Do you have a favorite Stoic quote or thought about productivity?

Marcus Aurelius talks about how you have to always ask yourself, is this essential? Because a lot of what we do and say is not essential. When you eliminate the inessential, you get the double benefit of doing the essential things better.

Is there something in your routine you had to stop doing once you had kids?

I stopped going to dinners and I stopped going to conferences that I wasn’t being paid to go to. Austin Kleon, who wrote the book Steal Like an Artist, gave me one of the best pieces of advice. He said, “Work, family, scene—pick two.” So trips and parties and events and games and award shows and whatever, I just pass on it. Part of the reason I like living in Texas is I just get invited to fewer things. In New York and L.A., there’s always something going on and it’s always something that it would be “really good for you to go to.” I live outside of Austin, so it’s either a flight or a drive, so I can get out of a lot.
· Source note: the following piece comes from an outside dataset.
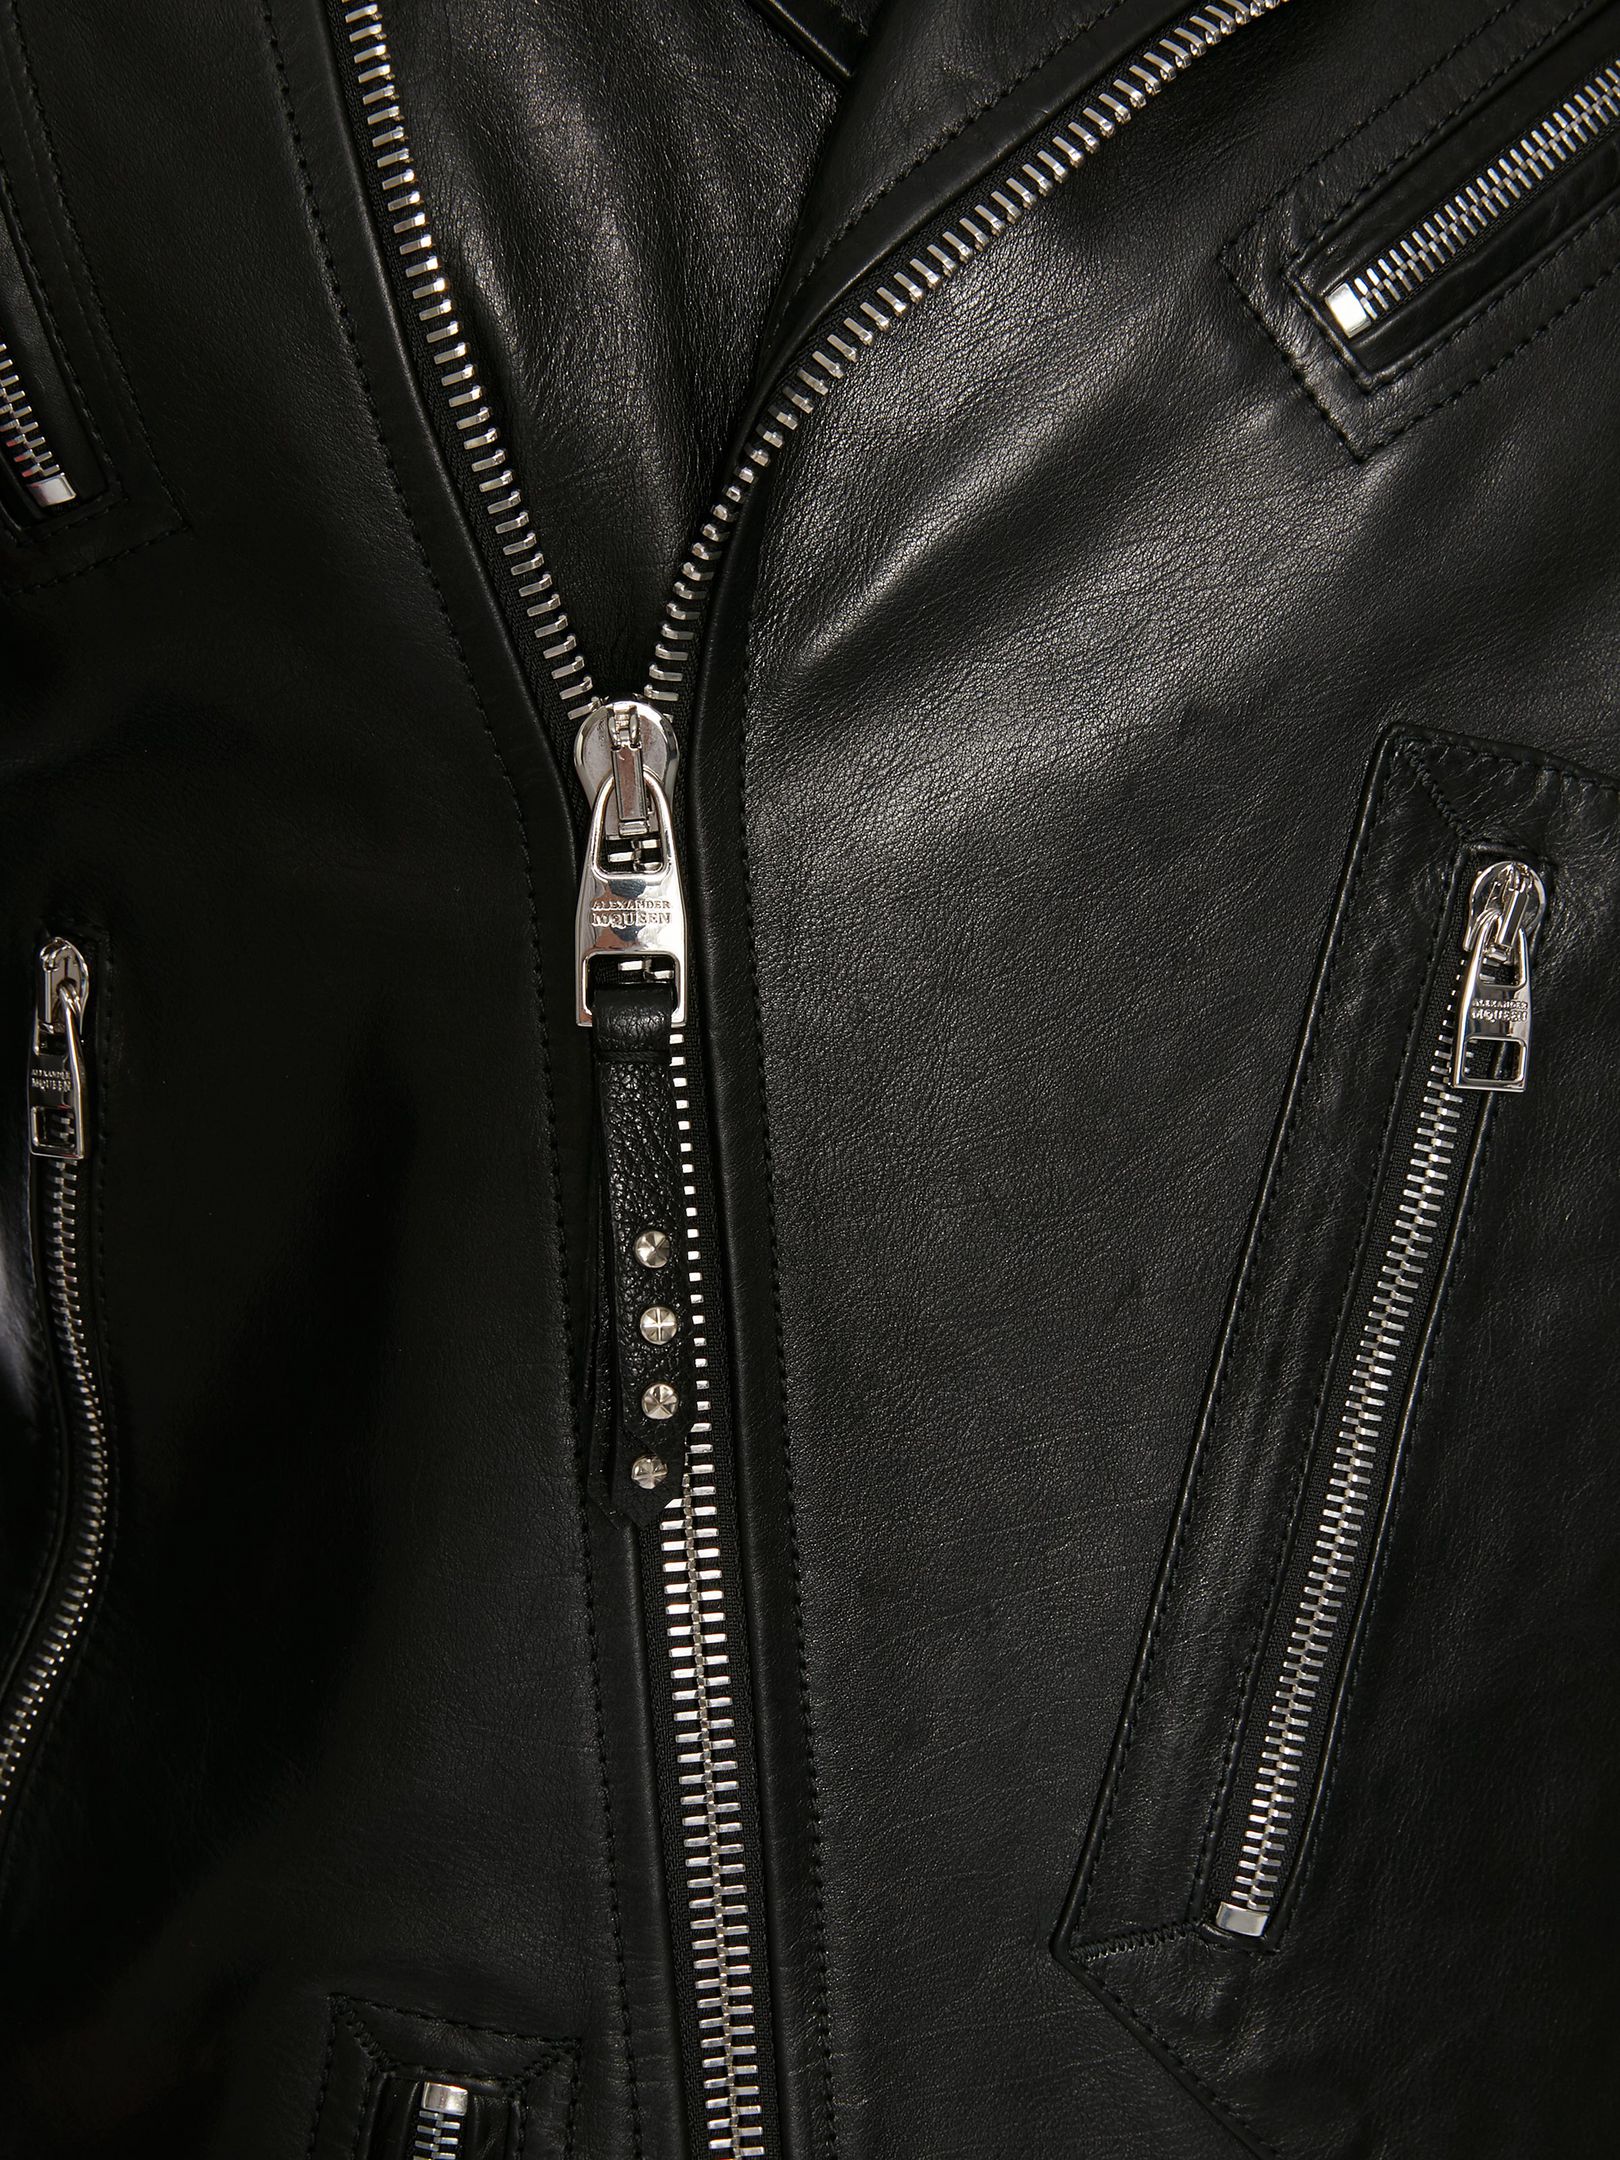 Men's Shiny Black Calfskin Leather Jacket - Maker of Jacket

What’s something you’re doing now you wish you’d done more of 10 years ago?

I wish I’d started riding bikes earlier. I’ve always been a runner, and I like swimming. You never think you’re going to get old and wear out, and of course you get old and start wearing out. So I like the low intensity of the bike: it takes longer, your heart rate is a smidge lower.

I feel like you were one of the big forces in making “Memento Mori” such a thing. Do you have practices or rituals around that? Does it still factor into your daily life?

There’s something about Memento Mori that’s morbid and seems depressing but there’s also something that gives an urgency and a clarity that’s valuable. It’s interesting to me when you look at a lot of ancient art, at a time when people died all the time, very easily, the Memento More theme is everywhere. They need a reminder. And yet here we are, life expectancy’s doubled, infant mortality has wonderfully plummeted, but because people die in hospitals, because it’s not something we talk about, it’s actually easier to lose sight of it.

This interview has been edited and condensed.